=== Entries shown ===

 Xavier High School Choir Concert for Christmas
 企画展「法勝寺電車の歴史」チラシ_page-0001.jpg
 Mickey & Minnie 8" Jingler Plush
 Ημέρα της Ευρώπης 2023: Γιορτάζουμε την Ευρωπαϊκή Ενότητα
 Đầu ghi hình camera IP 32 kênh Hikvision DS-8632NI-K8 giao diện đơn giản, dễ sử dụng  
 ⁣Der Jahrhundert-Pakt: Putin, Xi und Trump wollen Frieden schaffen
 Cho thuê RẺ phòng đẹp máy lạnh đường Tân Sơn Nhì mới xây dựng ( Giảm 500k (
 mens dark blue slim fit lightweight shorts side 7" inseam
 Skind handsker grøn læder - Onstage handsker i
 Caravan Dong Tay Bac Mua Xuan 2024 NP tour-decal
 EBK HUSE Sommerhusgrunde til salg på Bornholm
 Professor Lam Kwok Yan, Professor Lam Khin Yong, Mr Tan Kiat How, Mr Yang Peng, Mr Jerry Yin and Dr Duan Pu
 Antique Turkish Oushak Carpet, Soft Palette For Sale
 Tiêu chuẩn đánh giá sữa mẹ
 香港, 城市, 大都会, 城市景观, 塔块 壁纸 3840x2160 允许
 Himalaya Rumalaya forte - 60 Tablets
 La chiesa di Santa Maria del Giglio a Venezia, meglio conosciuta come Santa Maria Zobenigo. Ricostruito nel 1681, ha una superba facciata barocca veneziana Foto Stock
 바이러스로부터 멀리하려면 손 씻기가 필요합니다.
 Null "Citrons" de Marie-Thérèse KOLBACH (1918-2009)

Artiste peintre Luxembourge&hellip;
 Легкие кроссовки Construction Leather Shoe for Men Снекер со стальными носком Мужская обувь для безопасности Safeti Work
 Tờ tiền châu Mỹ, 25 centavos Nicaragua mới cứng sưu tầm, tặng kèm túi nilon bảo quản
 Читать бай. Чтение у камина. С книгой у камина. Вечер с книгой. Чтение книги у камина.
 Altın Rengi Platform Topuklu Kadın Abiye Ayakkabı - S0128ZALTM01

===

> [Goal of the exercise] Extract every record. Keep wording exact.

> [Expected output]
 Xavier High School Choir Concert for Christmas
 企画展「法勝寺電車の歴史」チラシ_page-0001.jpg
 Mickey & Minnie 8" Jingler Plush
 Ημέρα της Ευρώπης 2023: Γιορτάζουμε την Ευρωπαϊκή Ενότητα
 Đầu ghi hình camera IP 32 kênh Hikvision DS-8632NI-K8 giao diện đơn giản, dễ sử dụng  
 ⁣Der Jahrhundert-Pakt: Putin, Xi und Trump wollen Frieden schaffen
 Cho thuê RẺ phòng đẹp máy lạnh đường Tân Sơn Nhì mới xây dựng ( Giảm 500k (
 mens dark blue slim fit lightweight shorts side 7" inseam
 Skind handsker grøn læder - Onstage handsker i
 Caravan Dong Tay Bac Mua Xuan 2024 NP tour-decal
 EBK HUSE Sommerhusgrunde til salg på Bornholm
 Professor Lam Kwok Yan, Professor Lam Khin Yong, Mr Tan Kiat How, Mr Yang Peng, Mr Jerry Yin and Dr Duan Pu
 Antique Turkish Oushak Carpet, Soft Palette For Sale
 Tiêu chuẩn đánh giá sữa mẹ
 香港, 城市, 大都会, 城市景观, 塔块 壁纸 3840x2160 允许
 Himalaya Rumalaya forte - 60 Tablets
 La chiesa di Santa Maria del Giglio a Venezia, meglio conosciuta come Santa Maria Zobenigo. Ricostruito nel 1681, ha una superba facciata barocca veneziana Foto Stock
 바이러스로부터 멀리하려면 손 씻기가 필요합니다.
 Null "Citrons" de Marie-Thérèse KOLBACH (1918-2009)

Artiste peintre Luxembourge&hellip;
 Легкие кроссовки Construction Leather Shoe for Men Снекер со стальными носком Мужская обувь для безопасности Safeti Work
 Tờ tiền châu Mỹ, 25 centavos Nicaragua mới cứng sưu tầm, tặng kèm túi nilon bảo quản
 Читать бай. Чтение у камина. С книгой у камина. Вечер с книгой. Чтение книги у камина.
 Altın Rengi Platform Topuklu Kadın Abiye Ayakkabı - S0128ZALTM01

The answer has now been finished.